INDIANAPOLIS — Late in the third quarter, the Patriots led the Colts 27-21 and Indianapolis was faced with fourth-and-3, with the ball on Colts’ 37-yard line.
Instead of the Colts just punting the ball back to the Patriots, they tried a fake punt, which failed and completely changed the momentum of the game.
The Colts lined up like a normal punt, but then nine players sprinted toward the right sideline and lined up there, leaving only Colt Anderson under center. The Patriots didn’t panic and lined up how they thought they should against the formation, with two players over the ball at the line of scrimmage.
Anderson eventually took the snap and was tackled in the backfield for a loss by Brandon Bolden. A flag was thrown for an illegal formation due some of the players not lining up on the line of scrimmage, but the Patriots declined the penalty and took possession.
LeGarrette Blount recorded a 11-yard touchdown reception two plays later and the Patriots went up 34-21, all but sealing the win.
(See bottom of post for video of the play)
“OK, so we started working on that play last year and then we put it back in this week,” punter Pat McAfee explained. “It’s a play where you try and take advantage of numbers. We try to kind of confuse the defense and hopefully get an edge number-wise. The look was not there that we normally have in practice for it to go. There must have been some miscommunication between the snapper and [Anderson]. It turned out to be one of the most failed fakes probably of all time.
“It’s one of those things where you work and hope you get the numbers. We didn’t get the numbers. It was a miscommunication. As you saw, the results weren’t good.”
Following the game, Colts coach Chuck Pagano took the blame for the call and outcome, which he said should been been not snapping the ball and taking a delay-of-game penalty.
“The whole idea is on a fourth-and-3 or less we would shift,” Pagano said. “Either catch them misaligned or with 12 men on the field. And if you get a certain look you can make a play. But we weren’t lined up correctly and had a communication breakdown between the quarterback out there and the snapper. It’s on me, I didn’t coach it well enough.”

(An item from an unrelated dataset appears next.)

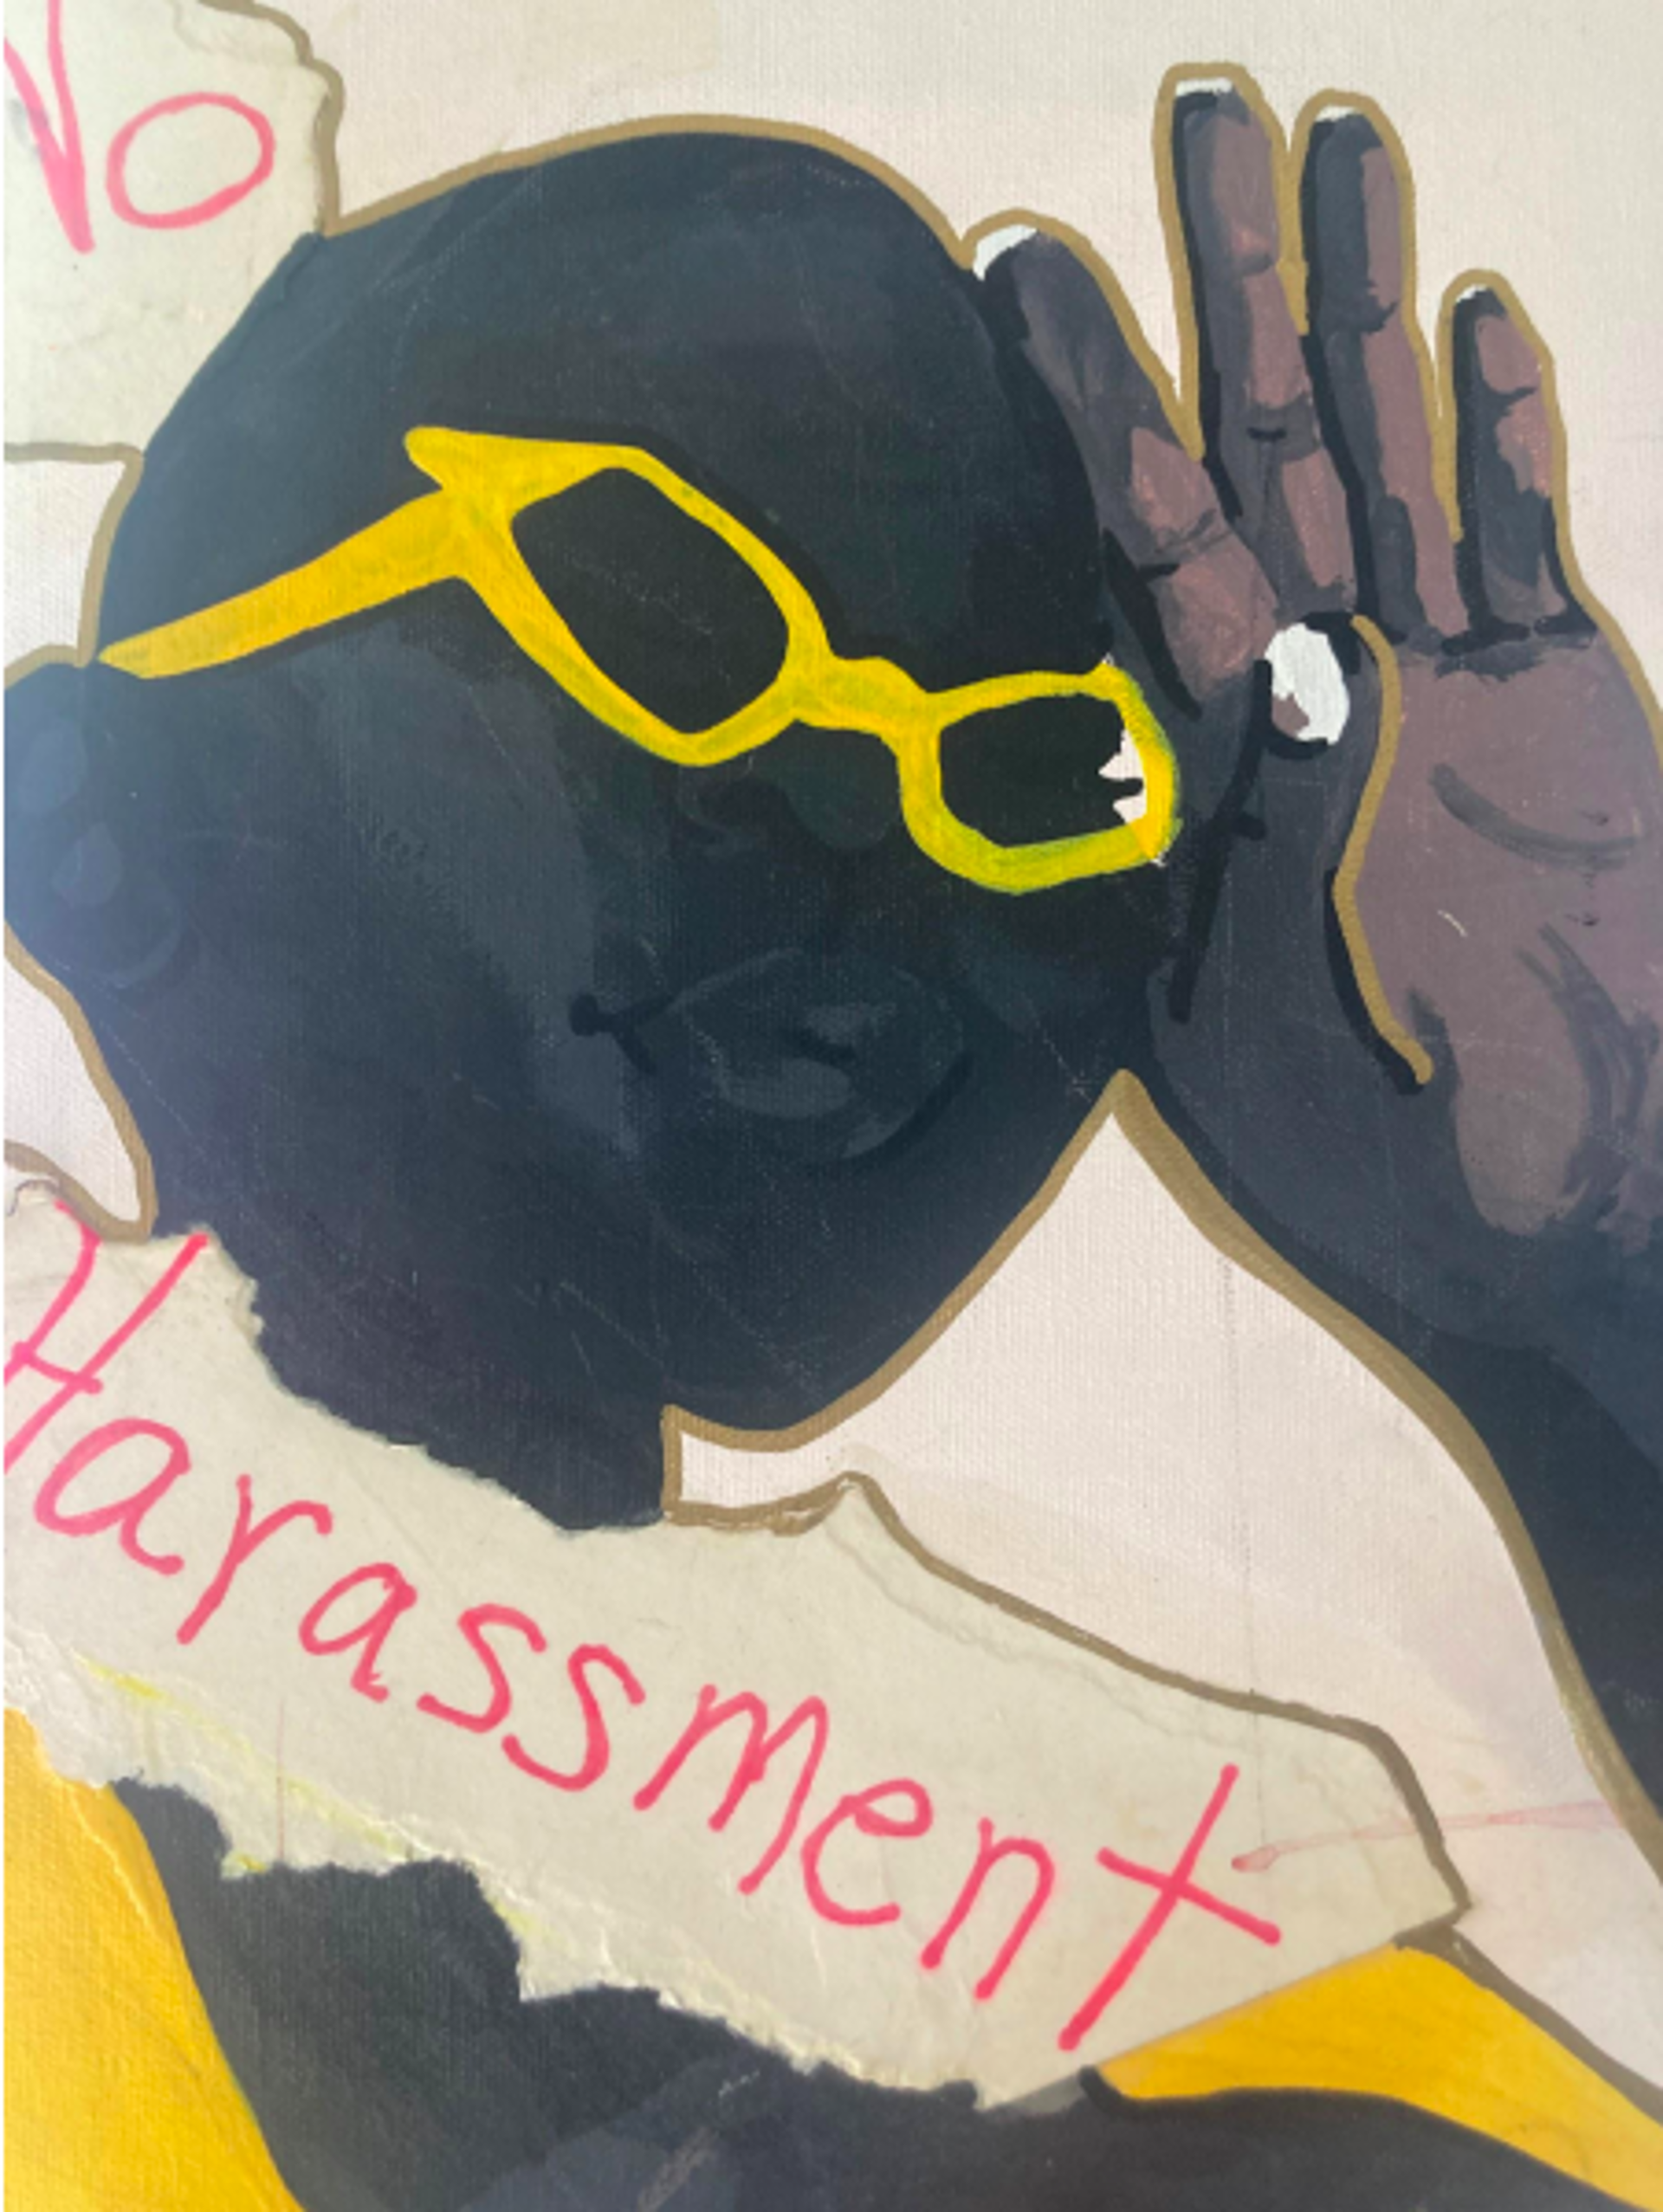 “No harassment” by Maya James

The Patriots weren’t confused, as Bill Belichick said his team was prepared for some sort of trick play in the kicking game.
“We expected this to be a gadget game in the kicking game, the onside kick, some kind of fake — fake punt, fake field goal. The punter ran a sweep against Tennessee a couple of weeks ago. That’s something they’ve done in the past,” Belichick said. “We didn’t know what the play was going to be, obviously, but they went on the swing-gate type play. We went over to the over shift and made sure we covered the inside part, reacted well to it. It was a good heads-up play by our punt return unit. Thought we had good coverage from those guys from the opening kickoff.”
The play completely shifted the momentum of the game, and it was too much for the Colts to recover from, as they ended up by falling to the Patriots 34-27, their seventh consecutive loss to New England.